ECA student Anya Luckey perfectly captured the impact of the hateful message on the psyche of the program and its people: “Graffiti etched into our souls and the punch of racism bruised in our brains.” (Luckey, A., ECA Art Project, 2016).
As the police and EMU’s administration began their detective and rep
air work, and college students and faculty mobilized to respond, ECA’s staff and students also felt the need to speak out. Ms. Burki spearheaded a Unity Chalking event, covering the sidewalks around our building with positive messages to counteract the hate that had been painted there. The next week, Mrs. Jackson and our Student Leaders pulled together an event to celebrate our diversity and commit to protecting that diversity, entitled “Unity in the Community.” (See photo, right). A new awareness of the impact of blatant and ugly racism right here in our midst was inescapable.
Less than a month later, a smart, talented, and unforgettable ECA first-year student died by suicide at his home in Milan. For the first time in my nearly 20-year career, I was faced with the death of a current student—one who had already carved out a place of friendship and belonging for himself in our school with a physical, social, and intellectual presence that was huge. Teachers, themselves devastated by the news, read statements to inform students in ECA classes of Jonah’s death. Thus, supported by crisis responders from across the county, the grieving of our learning community began.

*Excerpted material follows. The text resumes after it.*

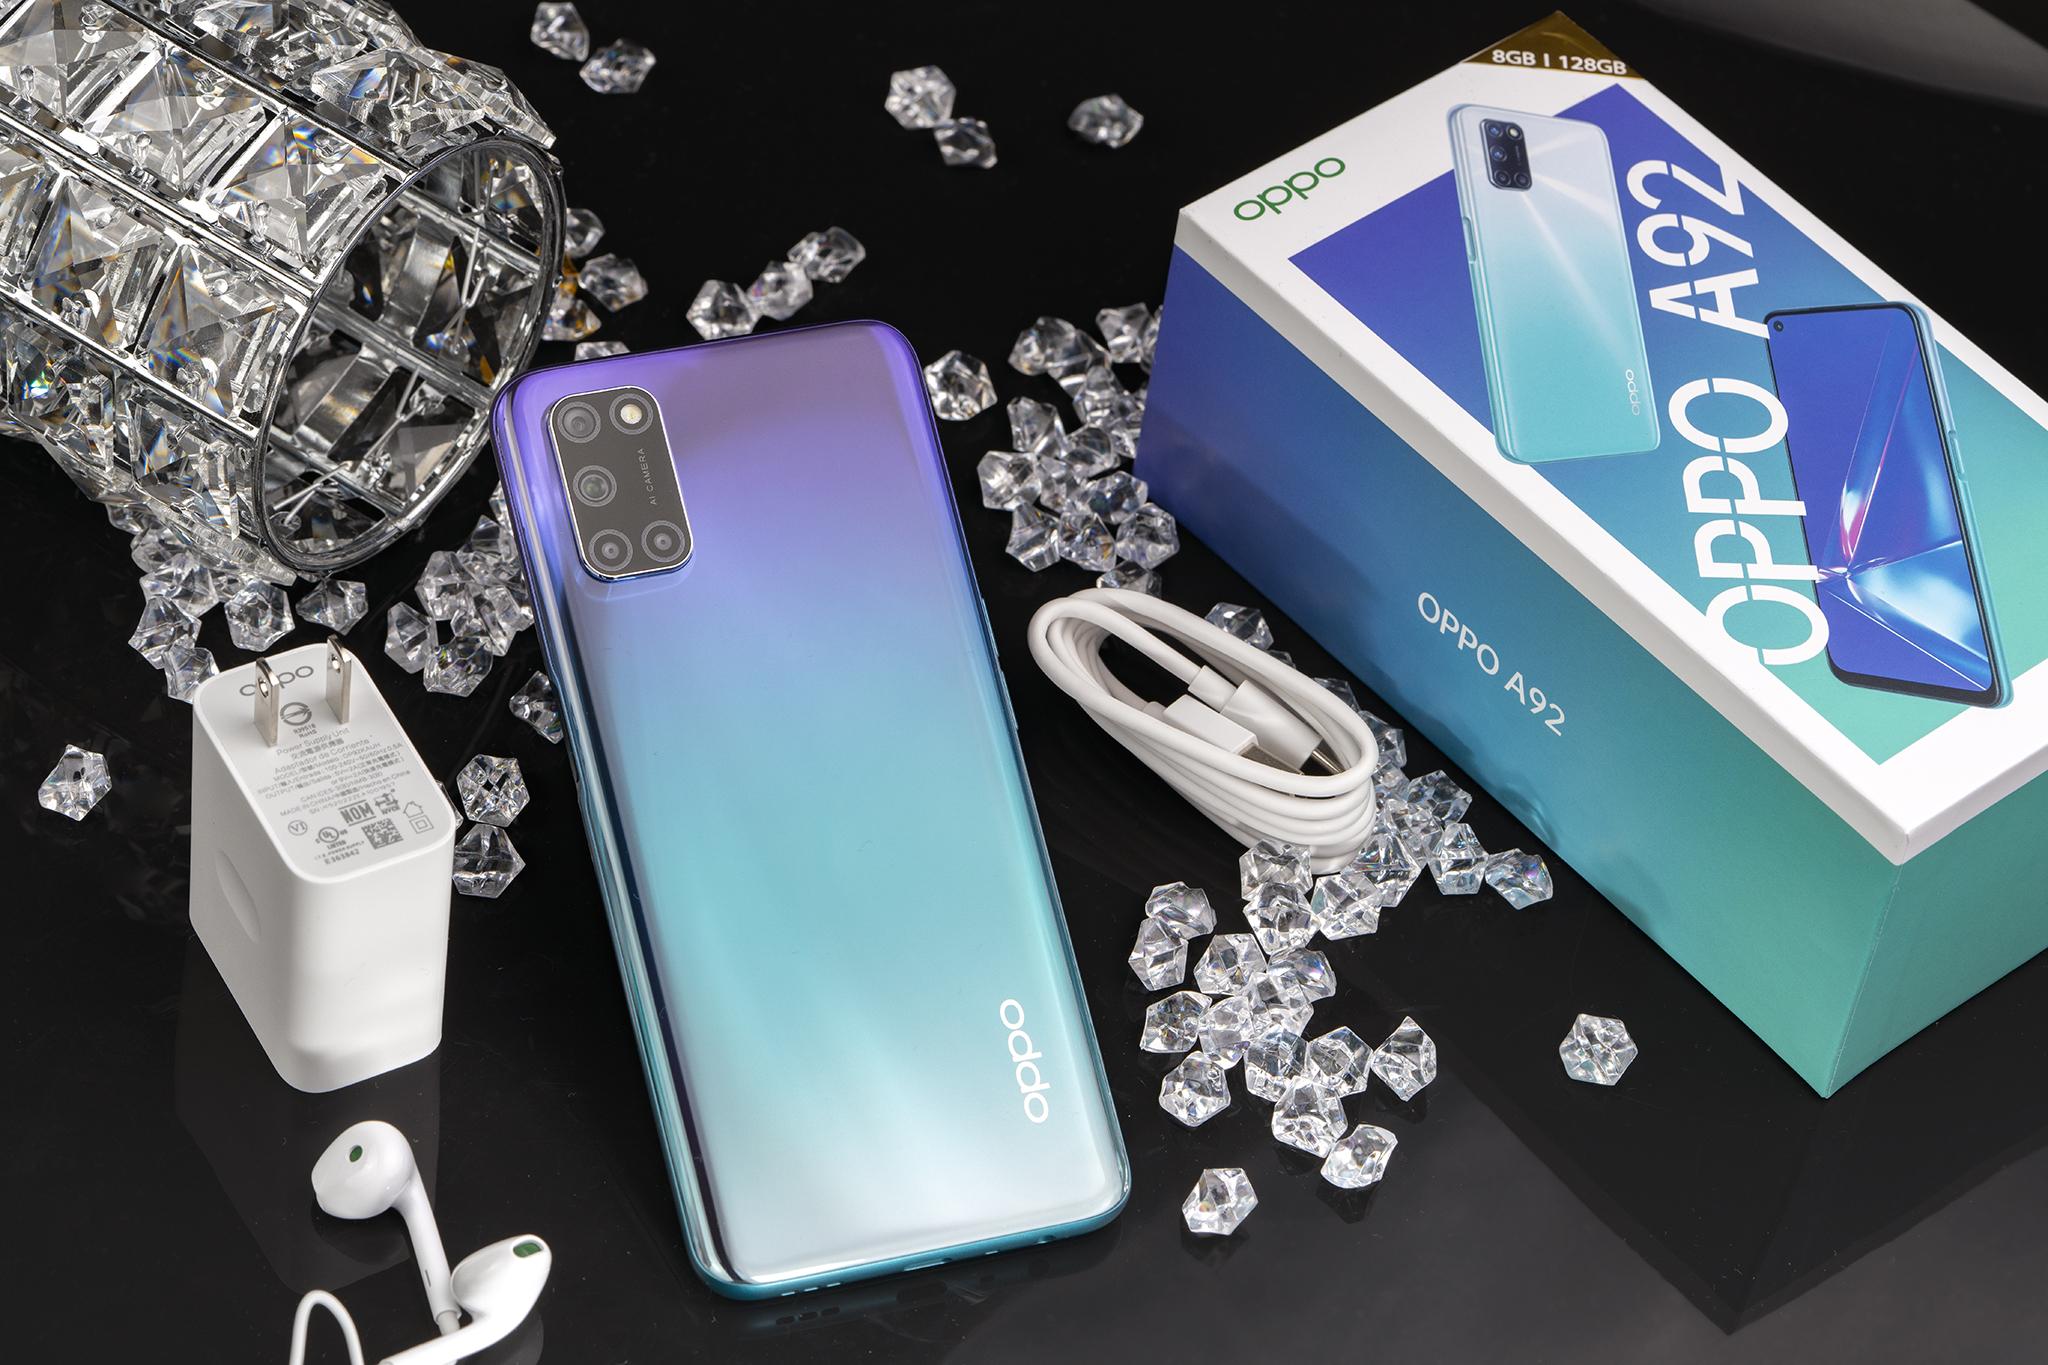 OPPO A92 thêm màu Tím Cá Tính, ghi điểm mạnh phân khúc điện thoại chụp ảnh đẹp dưới 7 triệu đồng - Ảnh 3.

Still reeling from the loss of our student and attempting to regain our collective footing at a time of year that is incredibly intense in the best of times, a second racist graffiti incident took place on campus—just across the courtyard from King Hall. Protests and
teach-ins on our college campus gave rise to many classroom and office-hours conversations about racism, Black Lives Matter, social identity issues, politics in general and the 2016 Presidential election season in particular, and how to carve out and protect learning spaces that are physically and psychologically safe for all students. With these incidents fresh in their minds, our student representatives attended the 5th annual Washtenaw County Diversity Forum, and came away with the knowledge, skills, and passion to continue as leaders in diversity awareness and education at the ECA through our Diversiteam.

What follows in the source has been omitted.